André Bazin, “The Virtues and Limitations of Montage”, What is Cinema? Vol. I, translated by Hugh Gray (Berkeley & Los Angeles: University of California Press, 2005), pp. 41-52.

Endnotes

  1. This quotation is taken from the commentary track (director and cast) of the Region 2 collector’s edition DVD of Hard Eight.
  2. A considerable length in a film with an average shot length (ASL) of 14.89 seconds. The film contains 121 shots and my NTSC VHS copy of the film had a total running time of 30 minutes and 2 seconds (excluding the credits on black). If the static interview segments, the black screens and full-screen photos are subtracted, in order to give a visual average of the action proper, we get an ASL of 12.61 seconds (93 shots in 19 minutes and 33 seconds).
  3. Originally entitled Sydney, the film was renamed after the production company Rysher Entertainment took it away from Paul Thomas Anderson for re-editing. In the end, the director’s cut was shown at the Cannes Film Festival in 1996. While Anderson prefers his original title, the film has since been marketed and distributed as Hard Eight. This has been widely documented; among other resources, see Sharon Waxman’s Rebels on the Backlot (New York: HarperCollins, 2005), pp. 89-91, and James Mottram’s The Sundance Kids (London: Faber and Faber, 2006), p. 145, for further details.
  4. Paul Thomas Anderson explicitly cites I Am Cuba as the inspiration for this shot in the director’s commentary of the Boogie Nights DVD (Region 2 collector’s edition).
  5. Roger Ebert begins and ends his review of the film with sentences mentioning the particularly “operatic” aspects of both the production’s ambitions and length; see Roger Ebert, “Magnolia”, Chicago Sun-Times, 7 January 2000. James Mottram implies an exaggerated melodramatic tone to Anderson’s films with the following statement: “P. T. Anderson […] gives new meaning to the term ‘soap opera’, raising the everyday to an operatic intensity.” (p. 142).

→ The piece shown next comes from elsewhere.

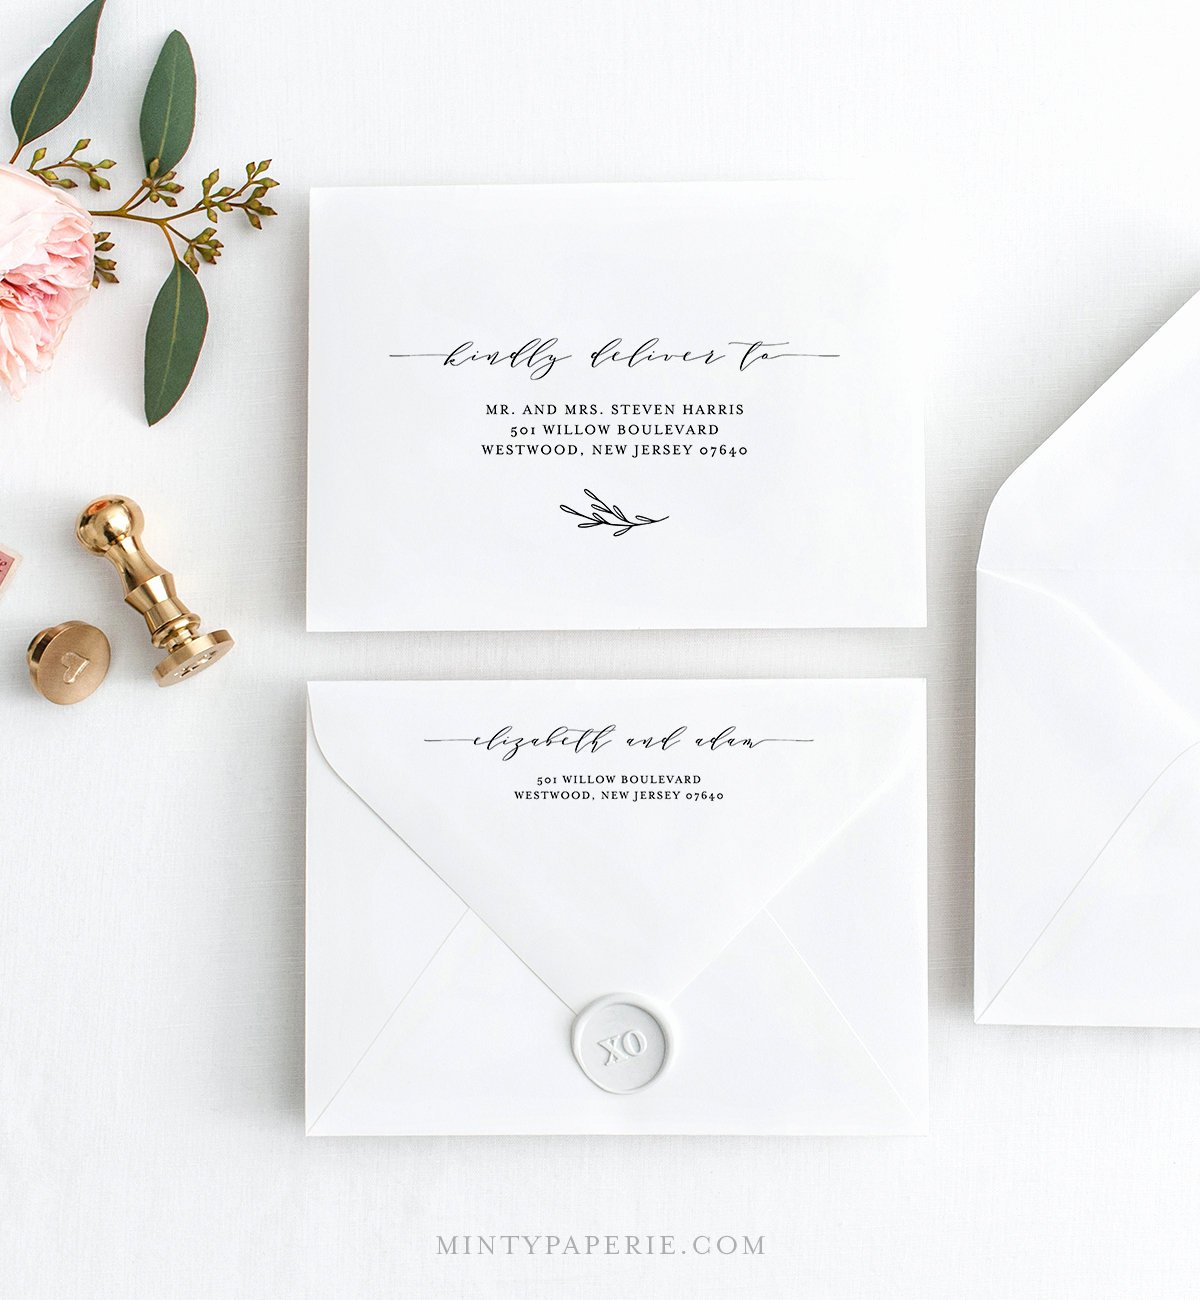 Wedding Envelope Address Template Elegant Envelope Address Template Printable Wedding Envelope

Alain Badiou goes even further in his assessment of the film’s operatic characteristics: “Every actor, like an opera singer, has an aria – in other words, an opportunity for him to show what he can do.: (p. 62; my translation) Alain Badiou, «Oui à l’amour, sinon la solitude», L’art du cinéma, No. 38, Autumn 2002, Paris, Cinéma Art Nouveau, pp. 56-77. Many more examples are to be found, from Emanuel Levy in Variety to Janet Maslin calling it an “artfully orchestrated symphony”; Emanuel Levy, “Magnolia”, Variety, 10 December 1999; Janet Maslin, “Magnolia”, The New York Times, 17 December 1999.
  6. In particular, a combination Steadicam-crane shot of a shoot-out on the open road in Alfonso Cuarón’s Children of Men (2006) comes to mind.

About The Author

André Crous obtained his Master’s Degree in Film Studies from the University of Paris-III in 2007. At present, he is living in South Africa.